There’s no reason the preview would have shown the built-in black overprinting since as far as InDesign was concerned, it wouldn’t overprint because you changed the settings to knockout rather than overprint. Like the guy mentioned, it was the RIP that didn’t honor the InDesign black settings, not InDesign.

In any case, the InDesign preview wouldn’t show 100% black overprinting the red behind it because on your monitor it would be so dark you couldn’t see what was behind it. Solid colors on newsprint, unlike the solid colors on your computer display, never have a 100% density. This is because the ink soaks into the absorbent newsprint. If you were overprinting black onto red on coated stock, you might not notice the red beneath it at first glance. On newsprint, it’s glaringly obvious.

Sorry for the short reply, I was on my mobile and had a longer answer written, but shortened it down to the simplest.

The appearance of black is only for output to RGB devices like a monitor - or an office printer with RGB profiles.

If you hover over the item in the panel it tells you this

For litho print you need to look at it with overprint preview turned on.
It’s different - I wish Adobe made this clear in the settings, I admit it’s confusing.

This is with Display Black Accurately

This is with Display as Rich Black

However, in the PDF for print you see it like this without the Overprint Preview it looks ok.

But with Overprint Preview on you see the issue.

The easiest solution here is to have the black underneath and the Red on top - this would have made the Red knockout the black.

Instead, black is always is set to overprint, so you have overprint your black on top of the red.

Black ink in printing is translucent, you can see through it.
That’s why for anything that is large blocky black for printing - eg., anything over approx 48pt print (but preferably 72pt) needs to be set as a Rich Black - that is made up approx 50 CYAN and 100 BLACK.

Large blocks of black - like a shape - need to be set to rich black too. But again I’d mix only 1 other colour - some mix 3 or 4 colours, but this can lead to registration issues.

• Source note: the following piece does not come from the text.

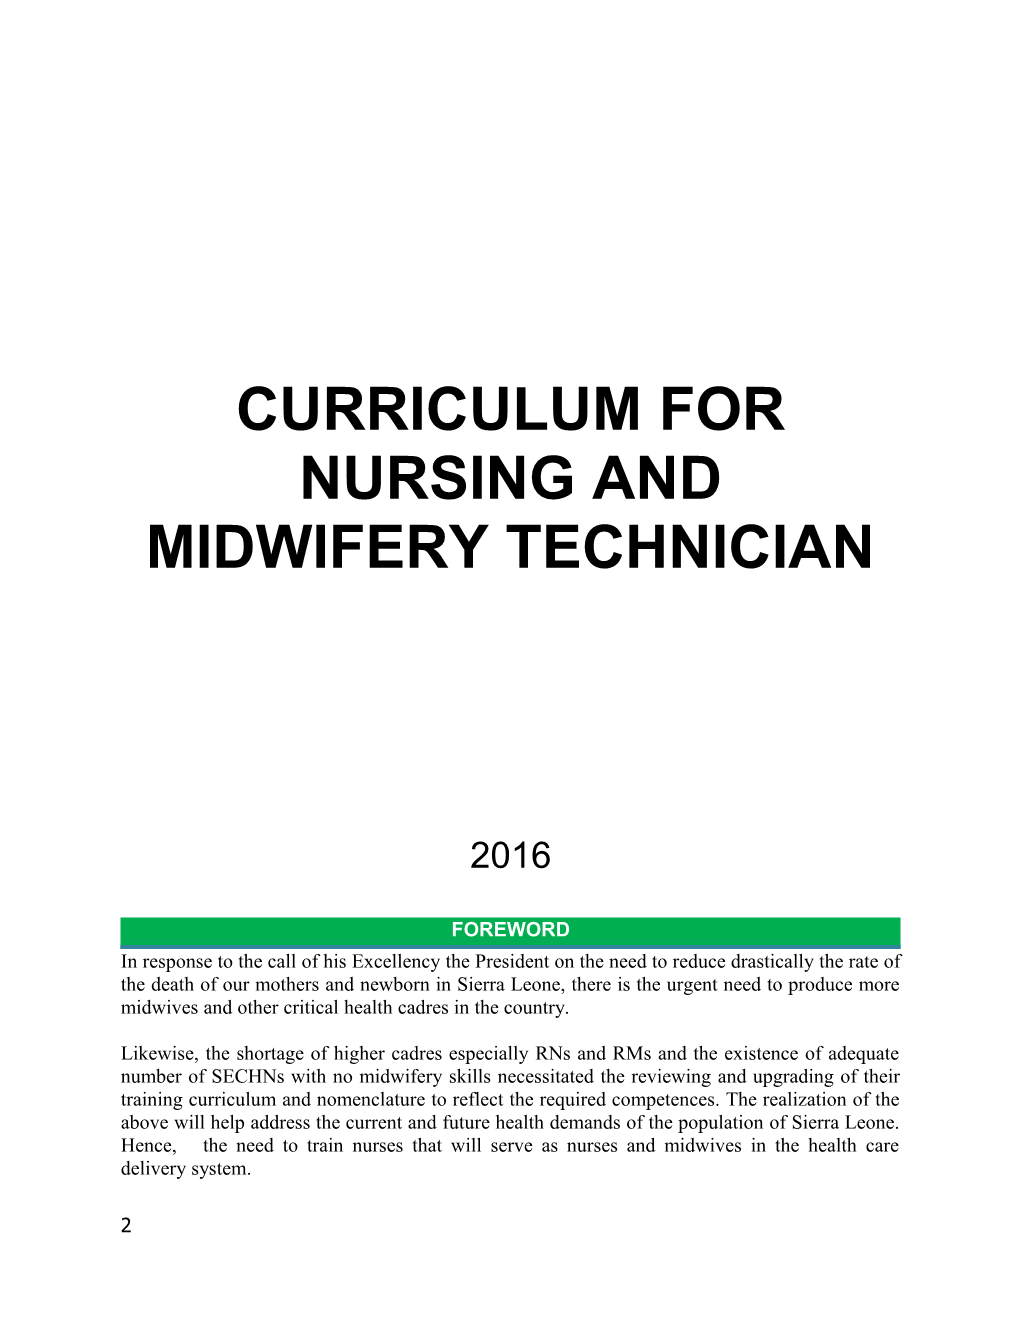 Curriculum for Nursing and Midwifery Technician

For example: Cool Black; 50 Cyan, 100 Black; Warm Black; 50 Yellow, 100 Black; Hot Black; 10050 Red, 100 Black.

Using 50% and 100% gives an ink limit of 150%. Newspapers for example have an ink limit of 220-270%.

To expand on Just-B - whom I agree with 100%

This is how it looks with overprint turned off.

With overprint preview turned on

You see some issues cropping up already.
The black on the left (original) is going to mix with the ink underneath as it’s set to overprint by default.
The one on the right is not set to do anything except be 100% black.

However, when you turn off the black plate - you can see it knocksout the right side of the Pink rectangle

The left side is in tact - as the original black is set to overprint.

If we introduce our Rich Pink Black - using 50 M and 100 C you get a much fuller - non-dull black

In terms of your Rich Black - you are looking at 3 variants - compared to the 100% black only.

I’d be using 100% black for text, and headings - but once going over even 48pt - or any heavly block of text in black that is large type, I’d be looking at adding a bump behind it - usually 50% Cyan and 100% Black.

The worst mistakes happen when overlaying say a black box over an image for example.

When you display all blacks as rich black - what you see in InDesign is not entirely accurate for print.

This is what it looks like in the PDF

Even if you use a rich black -

You need to give your black here the same values as your image

And ensure you have not exceeded the ink limit from the printers - usually 300 is ok - but if it was a newspaper - you’d need to reduce your ink limit in the blacks in both the image and the overlayed text box in InDesign.

The RIP can do it - but you’re leaving the values up to a machine.